Russei Keo Riverside Families Want Fair Compensation to Leave

Nov Nim sits where his house was dismantled by authorities, in Phnom Penh’s Russei Keo district on July 20, 2022. (Roun Ry/VOD)
Nov Nim sits where his house was dismantled by authorities, in Phnom Penh’s Russei Keo district on July 20, 2022. (Roun Ry/VOD)

More than 200 families are refusing to leave their homes along the Tonle Sap river in Russei Keo district, saying they would be willing to relocate only if authorities provide fair compensation.

Around 261 families in the district’s Toul Sangke I commune say they are facing imminent eviction by local authorities, after some houses were demolished on Monday without notice. The houses are wedged on a strip of state land between the National Road 5 and the Tonle Sap river.

Commune residents said they received three eviction notices this year, and offers of compensation have edged up amid protests and negotiations. The offers vary, but have increased for one resident from around $250 to $750.

Twenty residents met with district officials on Wednesday to again negotiate higher compensation but were sent back with no resolution. Nov Nim, 36, was one of these residents. He was at work on Monday when he was informed that authorities were tearing down his home.

He rushed home and, with the help of other residents, was able to stop the demolition leaving a partly-standing house.

“They threatened me that if I dared to stop them, they would arrest me and take me to the Russey Keo district office,” Nim said.

He said officials initially offered him $250 to leave, which increased to $500. Another offer of $750 was made at the Wednesday meeting. He said the money was not even enough to recoup the $1,000 investment he made in building the house.

“I don’t want a lot of money, I just want some money to rent a place to stay and live on for at least a year or two,” he said.

Larng Sokheng, 66, said she had lived in the village for 10 years and did not want much. She would be willing to leave for $10,000.
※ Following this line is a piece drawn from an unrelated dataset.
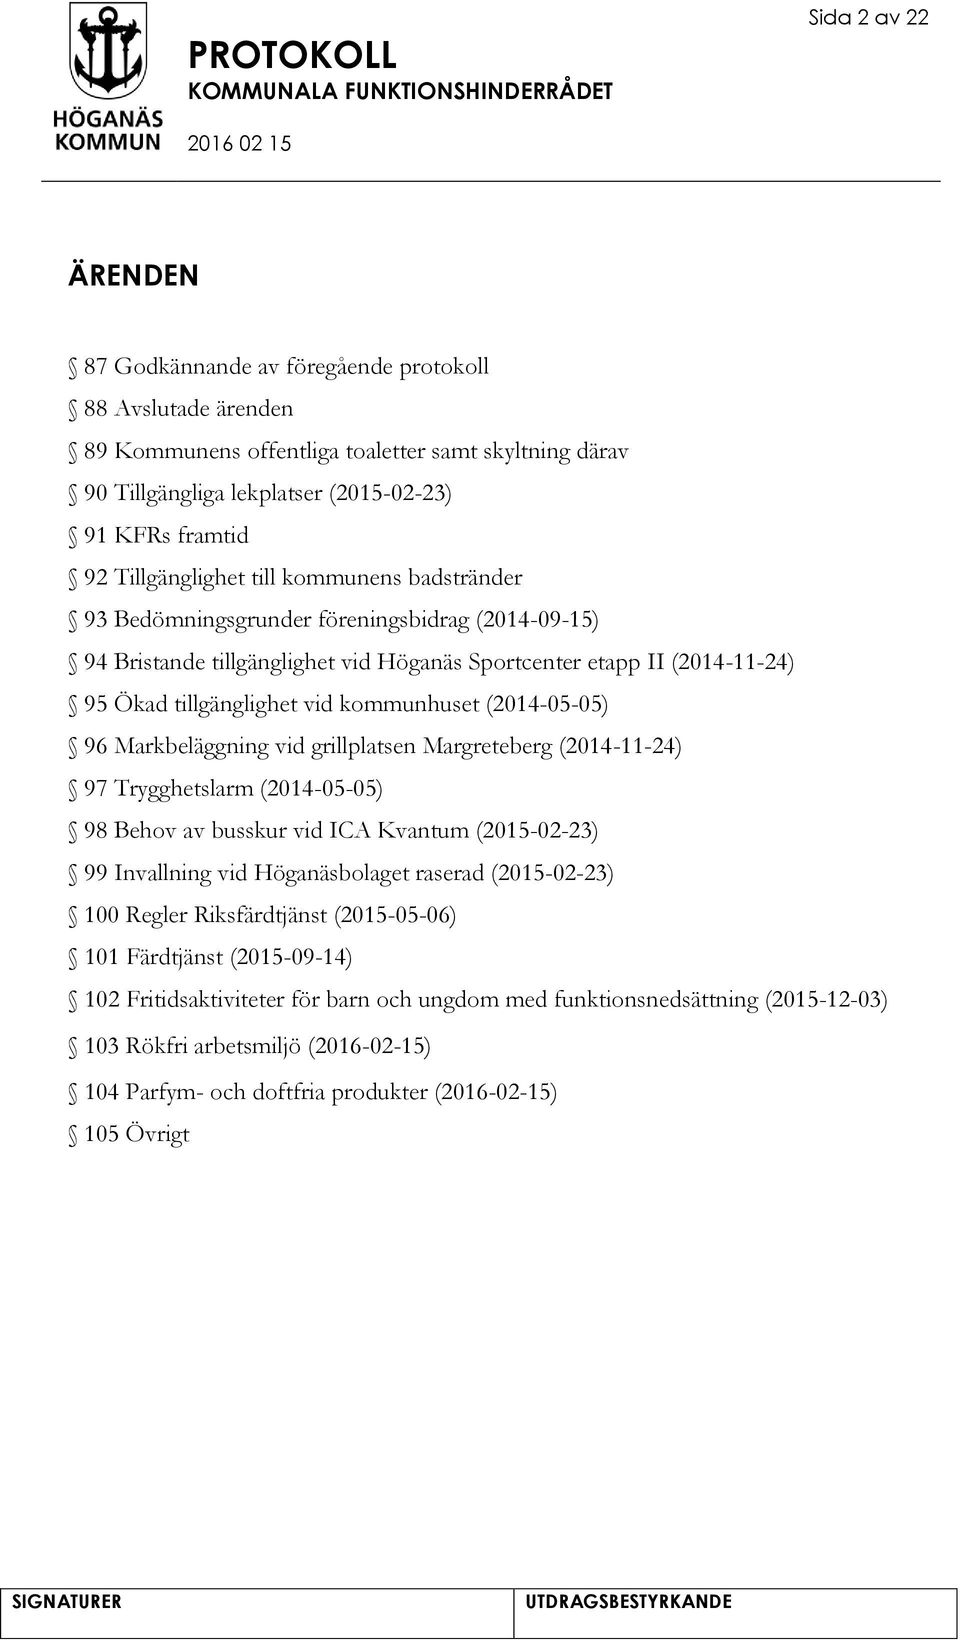 kommunhuset (2014-05-05) 96 Markbeläggning vid grillplatsen Margreteberg (2014-11-24) 97 Trygghetslarm (2014-05-05) 98 Behov av busskur vid ICA Kvantum (2015-02-23) 99 Invallning vid Höganäsbolaget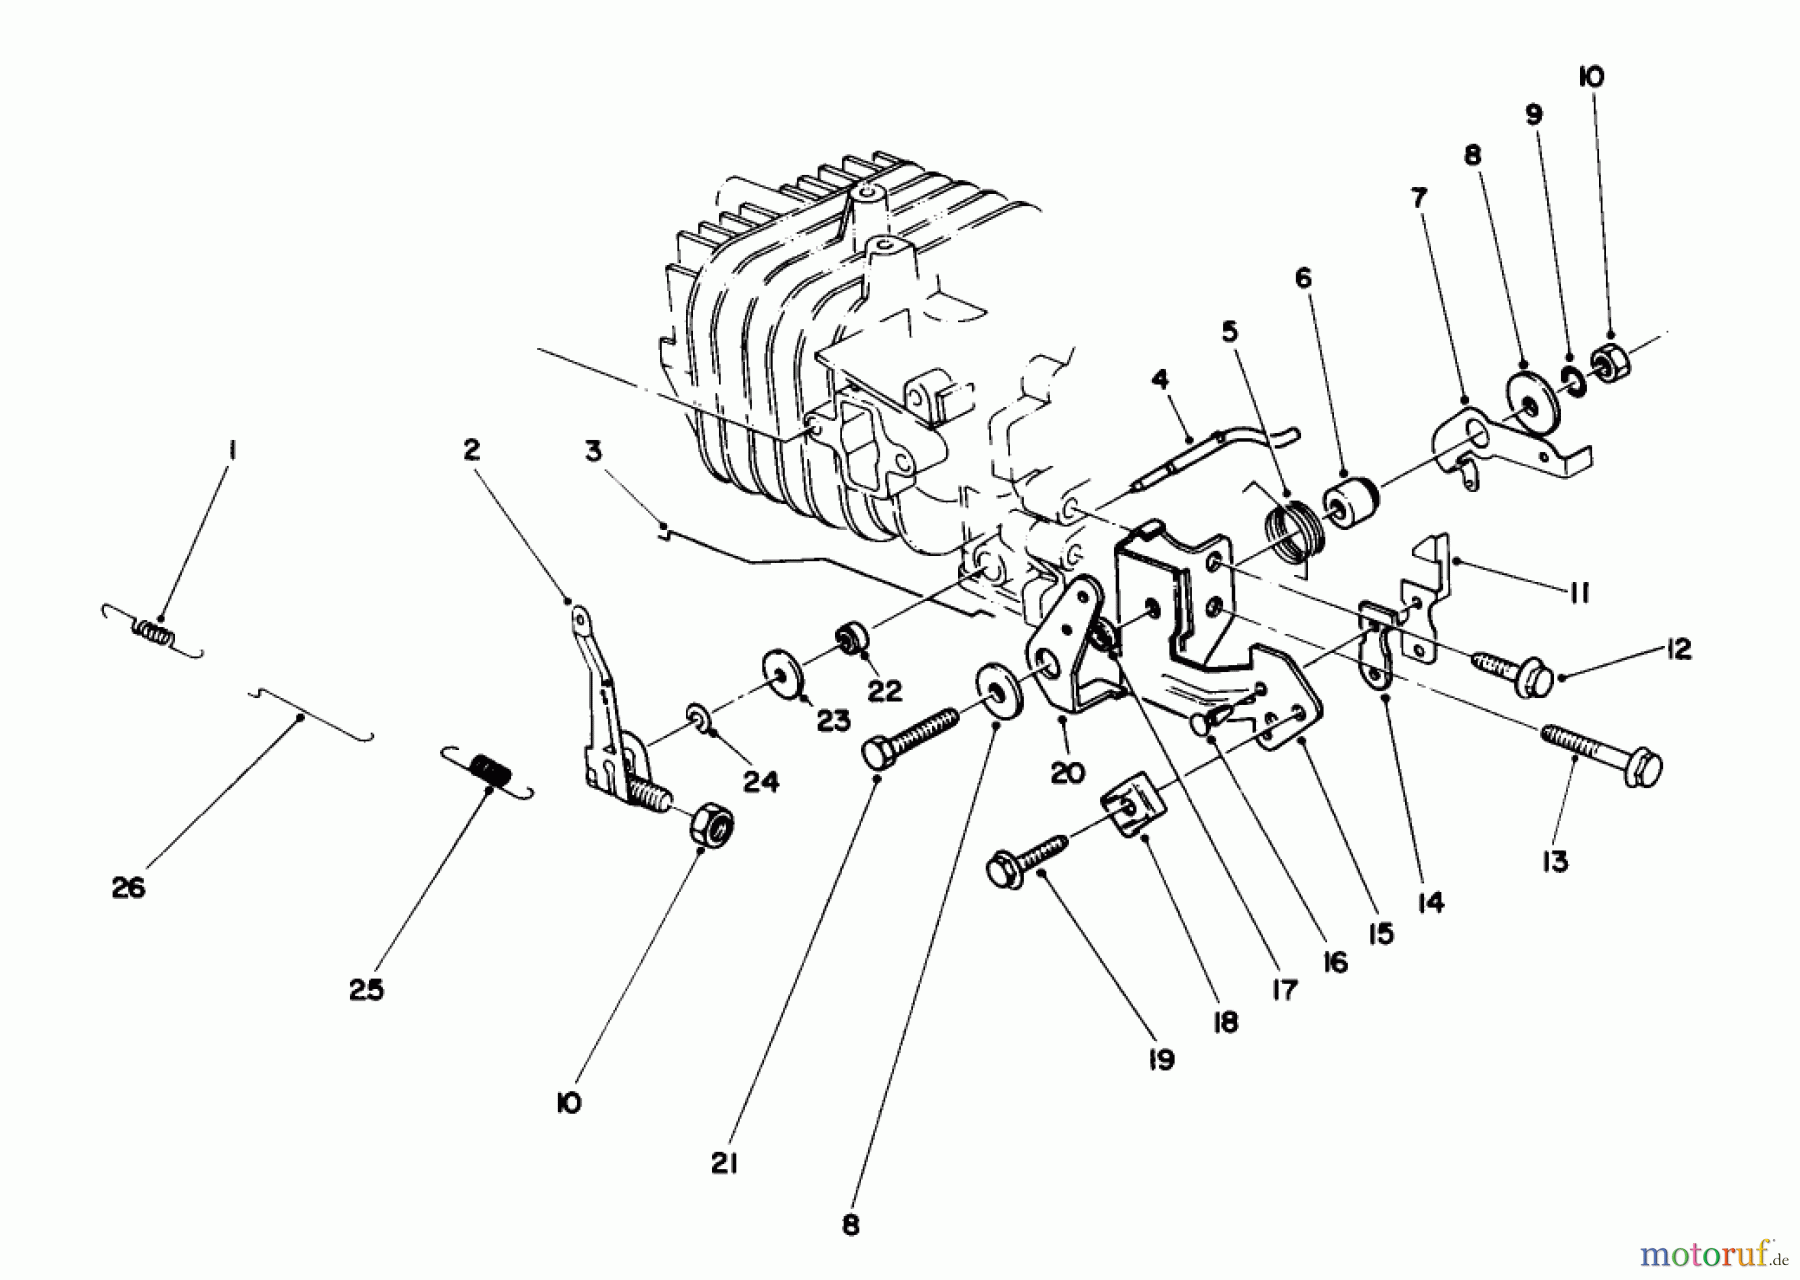  Toro Neu Mowers, Walk-Behind Seite 2 22025C - Toro Lawnmower, 1988 (8000001-8999999) ENGINE ASSEMBLY MODEL NO. 47PH7 #4

Nov Nim sits where his house was dismantled by authorities, in Phnom Penh’s Russei Keo district on July 20, 2022. (Roun Ry/VOD)
Nov Nim sits where his house was dismantled by authorities, in Phnom Penh’s Russei Keo district on July 20, 2022. (Roun Ry/VOD)
The Tonle Sap river at Russei Keo’s Phsar Touch village, on July 20, 2022. (Roun Ry/VOD)
The Tonle Sap river at Russei Keo’s Phsar Touch village, on July 20, 2022. (Roun Ry/VOD)
Meas Thoeurn shows her house near the Tonle Sap river in Russei Keo district’s Phsar Touch village on July 20 2022. (Roun Ry/VOD)
Meas Thoeurn shows her house near the Tonle Sap river in Russei Keo district’s Phsar Touch village on July 20 2022. (Roun Ry/VOD)

Mork Sokhann, who was at the Wednesday meeting, said she had been living on the land for 30 years and the offers of compensation were too little and all she wanted was to afford to live somewhere else.

She also pointed to Prime Minister Hun Sen’s speeches saying that if people lived on land for five years they could claim ownership to it. “We are the same Khmer, we are not other nationalities, this is khmer oppressing their own khmers, the rich oppress the poor,” she added.

Hun Sen has often spoken about the 2001 Land Law which states that if “any person who, for no less than five years prior to the promulgation of this law, enjoyed peaceful, uncontested possession of immovable property that can lawfully be privately possessed, has the right to request a definitive title of ownership.” This only applies to residency claims before the 2001 law came into force.

Russei Keo deputy governor Prach Seiha, who was at the Wednesday meeting, refused to answer questions on a phone call and instead asked a reporter to visit the district office.

Reach Phavoeurn, the Toul Sangke I commune chief, said around five families had settled there in the 1980s, with the community growing to around 400 families currently. She said the community was split into two and given recognition by City Hall but only for temporary settlement.

She said the land was state land and was going to be used to develop the road and build a garden. She alleged that most of the community was engaged in using and selling drugs, prostitution and gambling, and were polluting the river as well.

“They have been living there for many many years without costing them a cent but they still don’t try to find somewhere else to live but they take the government hostage to request land and where can we get the land to give them?”